US aims to stop Islamic extremists fleeing Somalia
Source: Reuters
WASHINGTON, Jan 3 (Reuters) - U.S. forces are deployed off the coast of Somalia to stop members of that country's ousted Islamist government with ties to al Qaeda and other extremists from fleeing, a State Department spokesman said on Wednesday. "We would be concerned that no leaders who were members of the Islamic Courts which have ties to terrorist organizations including al Qaeda are allowed to flee and leave Somalia," spokesman Sean McCormack said. "We of course have a presence off the coast of Somalia and Horn of Africa to make sure there are no escape routes by sea where these individuals could flee," McCormack said. He declined to provide details about the U.S. forces. The Islamists, who deserted their last stronghold on Monday after two weeks of war against Somali government troops backed by Ethiopia, have pledged to fight on after melting into the hills between the Indian Ocean port of Kismayu and Kenya. McCormack did not name specific extremists, but U.S. officials said before the war the top layer of the Somalia Islamic Courts Council (SICC) was controlled by a cell of al Qaeda operatives. The head of the council, Sheikh Hassan Dahir Aweys, is on U.N. and U.S. extremist lists. During the six-month rule of the Islamists, U.S. officials tried with no success to persuade the SICC to give up three suspects wanted for the 1998 bomb attacks on the U.S. embassies in Kenya and Tanzania who Washington believed were in Somalia.
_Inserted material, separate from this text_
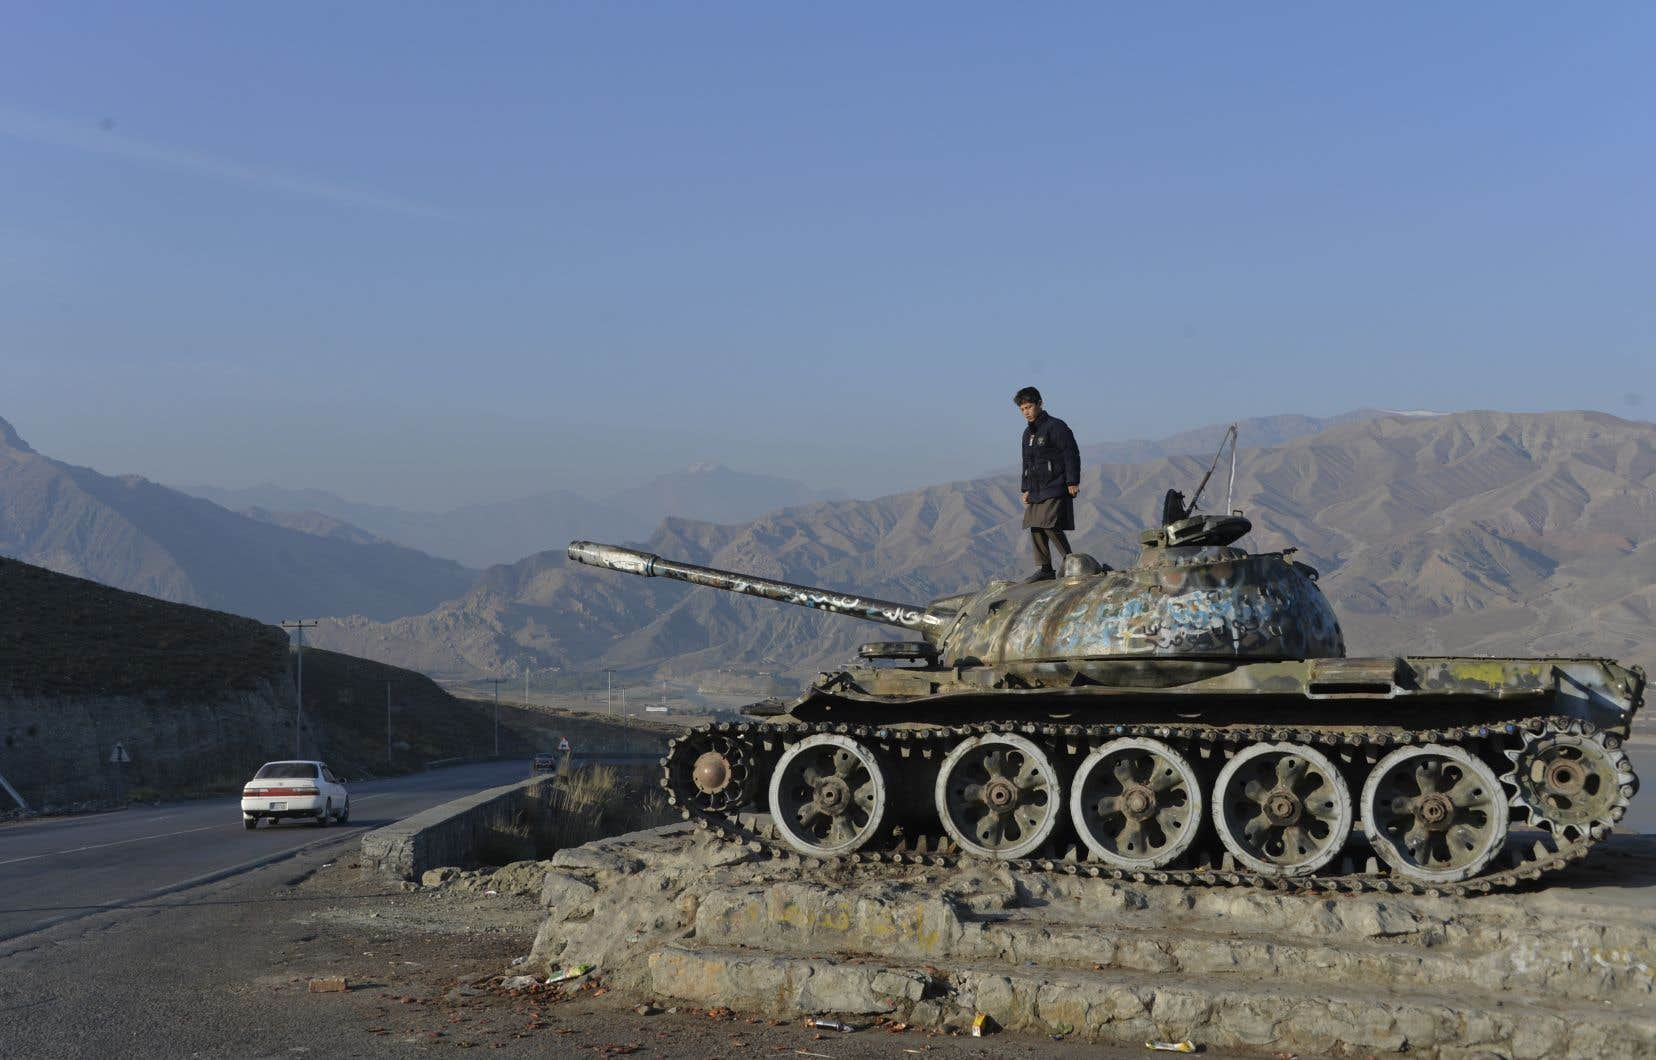 Un enfant joue sur un tank abandonné datant de l'époque soviétique près de Kaboul.

Somali Prime Minister Ali Mohamed Gedi said on Tuesday that pro-Islamic fighters from Eritrea, Ethiopia and Arab countries were taken prisoner during the fighting. McCormack said the State Department would announce plans later on Wednesday to send humanitarian aid to Somalia. He also said that Jendayi Frazer, assistant secretary of state for African affairs, would co-host a meeting on Friday in Kenya top discuss the Somali situation. Frazer was in the Ethiopian capital for meetings with the leaders of Ethiopia and Uganda. Uganda is the only country so far to offer troops for an African peacekeeping force for Somalia endorsed before the war by the United Nations. European members of the International Contact Group on Somalia -- the German EU presidency, Sweden, Britain, Italy, the EU Commission and non-EU member Norway -- met in Brussels on Wednesday to push for a revival of the peace process between the Somali government and fleeing Islamists.